The following year, Beijing followed the Russian example. After years of complaints by Southeast Asian countries and the United States over China’s excessive territorial claims and aggressive behavior in the South China Sea, the Philippines decided to invoke the law. Manila brought an arbitration case against China at the PCA under the Convention, alleging that China’s “nine-dash line” claim and environmentally destructive construction of artificial islands, among other activities, violated the agreement. When the Court determined that it had jurisdiction to hear the case under UNCLOS, China issued a series of aggressive press releases condemning the legal process and refusing to participate in any way. Although the Court later ruled strongly in favor of the Philippines, striking down China’s claim to sovereignty over the entire Sea and condemning its actions, China made no change to its behavior. By courting the loyalty of new Filipino President Rodrigo Duterte and pulling him out of the American orbit, Beijing prevented any subsequent efforts to enforce the judgment against it. It is as if the arbitration had never occurred.

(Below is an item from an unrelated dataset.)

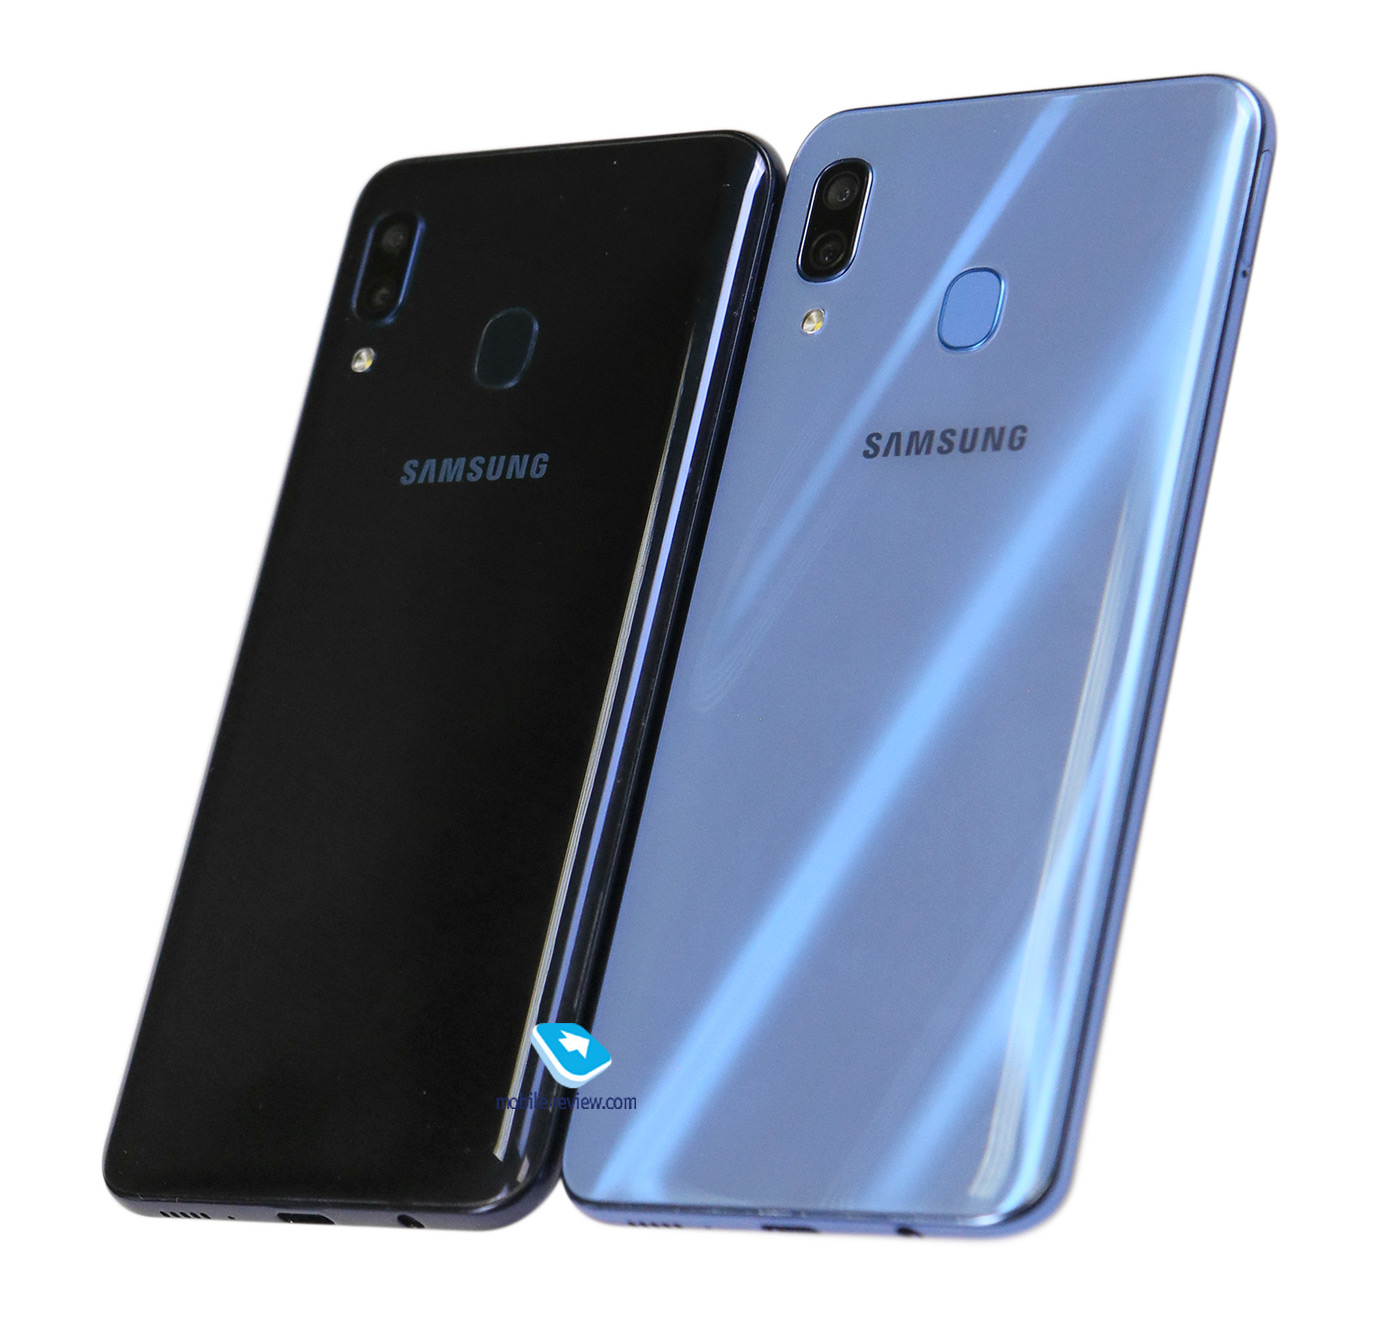   Samsung A30 2019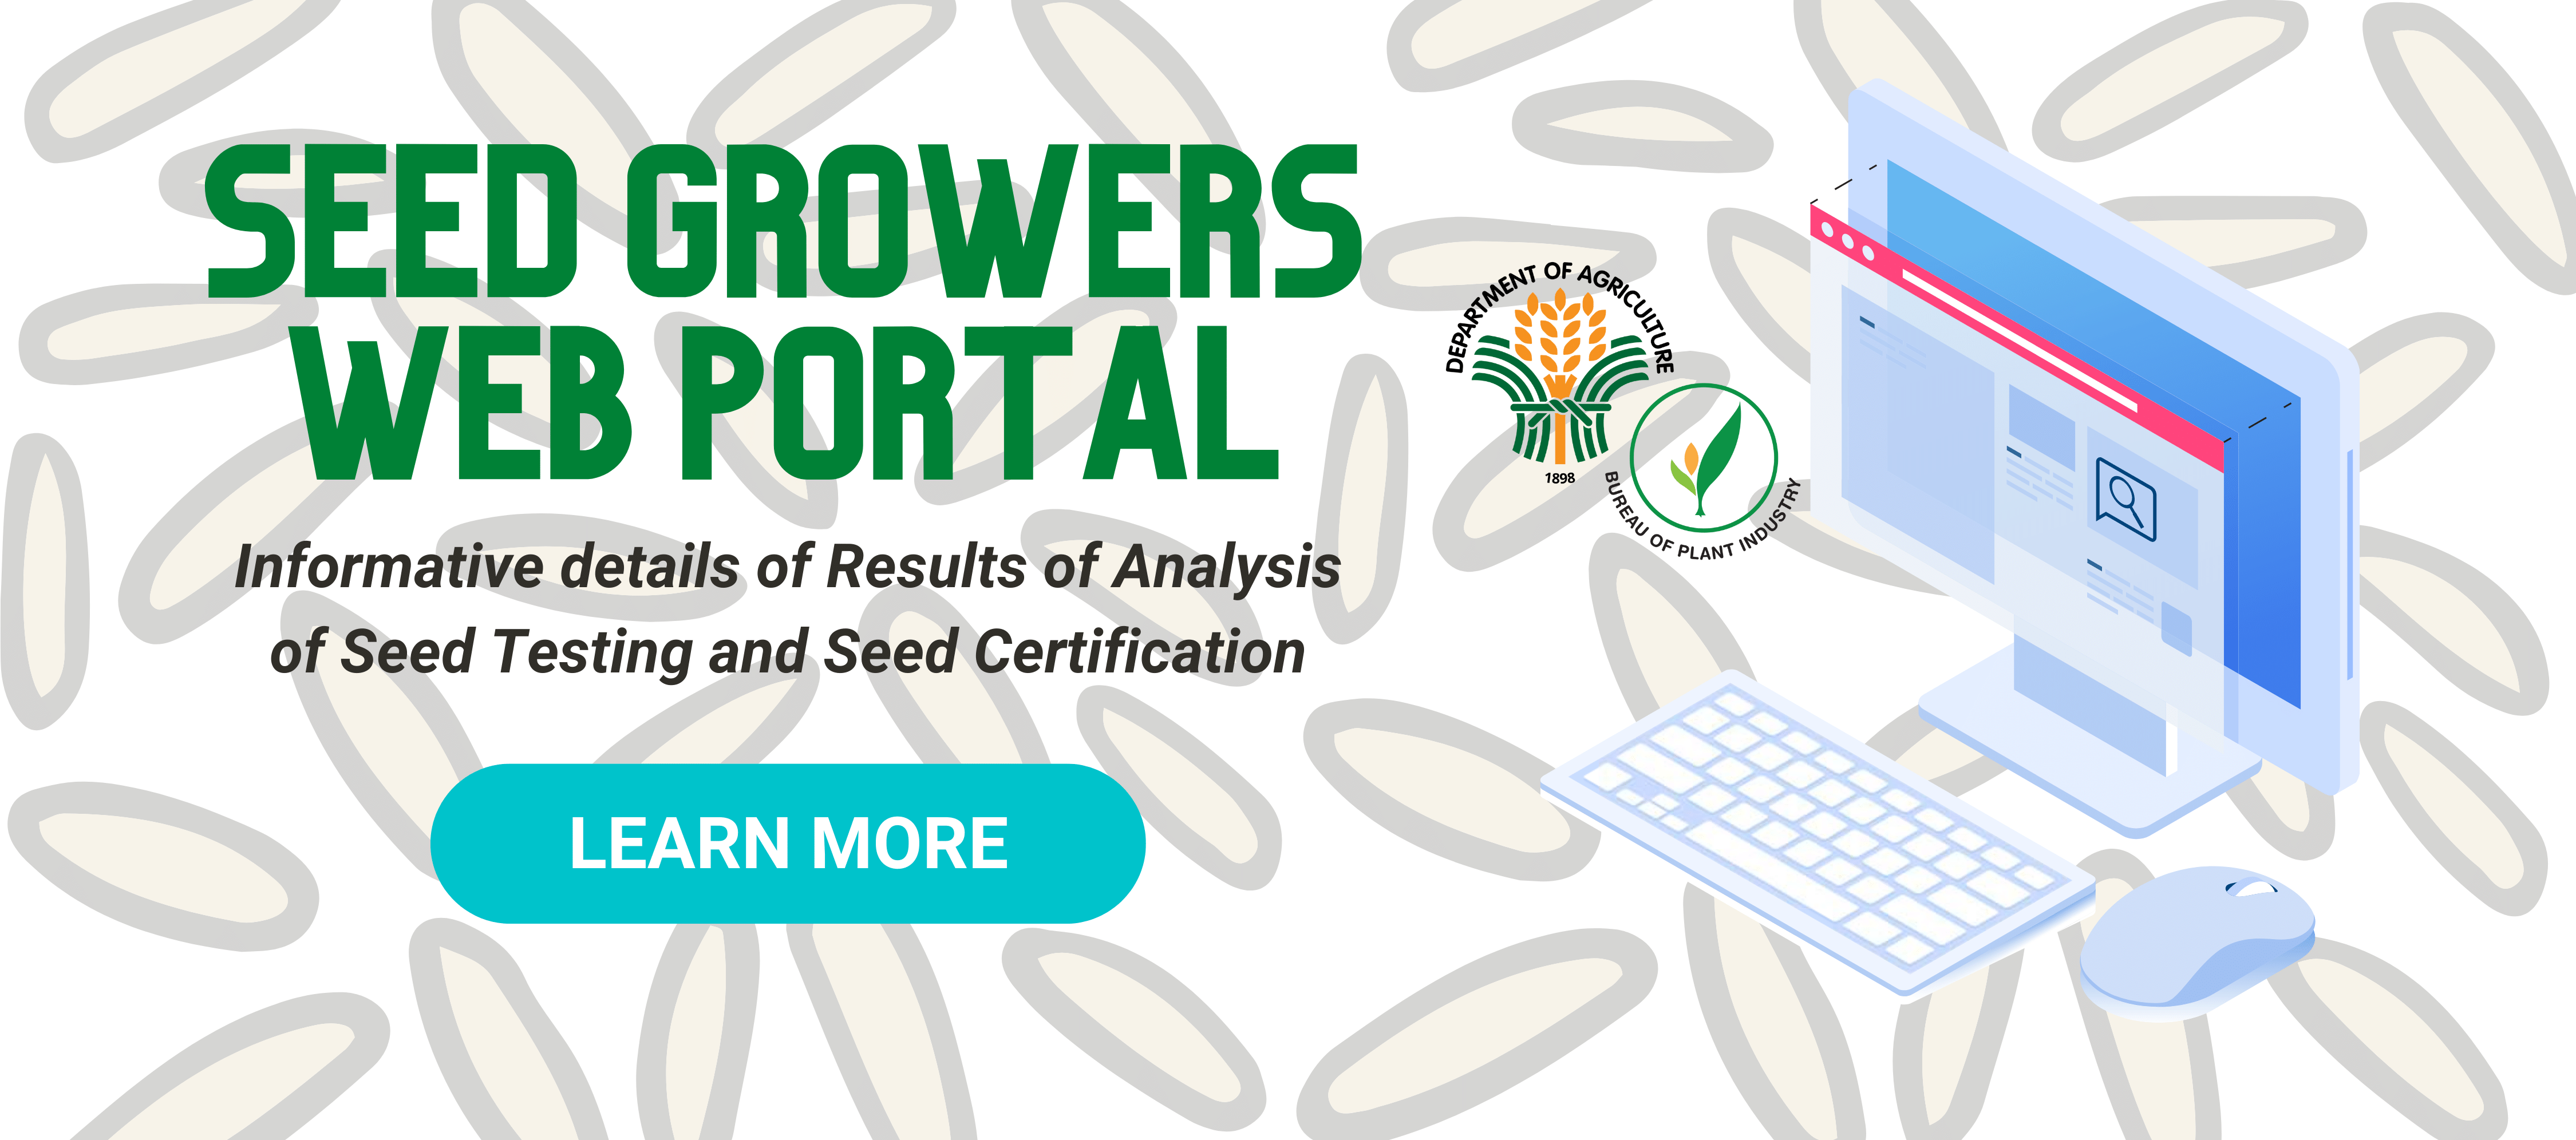 BPI Seed Growers Web Portal

In three years, China and Russia have managed to undermine the Convention’s primary method for resolving disputes that took two decades to build. Their actions have exposed the fundamental weakness of the process: if a state declines to appear in court, the tribunals have no power to make it change its behavior. When that state is a major military power like China or Russia, the legal judgments become irrelevant.

This pattern puts last month’s events into context. The Chinese seizure of the U.S. Navy drone, outside the area encompassed by its “nine-dash line” claim and within a few hundred yards of the American vessel controlling the drone, was clearly illegal under any understanding of maritime law. However, because the United States has refused to ratify the Convention and China has rejected its jurisdiction to resolve disputes, there is no available forum for a peaceful resolution. Taken together with Russia’s recent decision to pull out of the International Criminal Court agreement and the Trump administration’s skepticism toward international agreements and alliances, the next few years are likely to see an increase in the sort of saber-rattling and geopolitical instability that treaties and conventions aim to minimize. When three of the five permanent members of the United Nations Security Council pay no regard to the organization’s dispute resolution forums, less powerful countries will have little incentive to submit to the courts’ jurisdiction.

The situation is particularly dire for mid-sized countries like Japan and Vietnam, which are experiencing tensions with their larger and more powerful neighbor but which are unlikely to be pulled into China’s orbit willingly for historical and cultural reasons. Without the ability to appeal to law, they will be especially dependent on the United States for protection. With Trump in office, that help may not materialize. The absence of the rule of law at sea will provide incentives for nations to build up their armed forces and will increase the risk of a naval conflict. Asia’s Cauldron, as Robert Kaplan once termed the South China Sea, may soon begin to boil over.

Douglas Gates is a former U.S. Naval Officer. His assignments included service as personal aide to the Commander of the U.S. Seventh Fleet in East Asia and master instructor of political science at the U.S. Naval Academy at Annapolis. He is currently a J.D. Candidate at the University of Chicago Law School.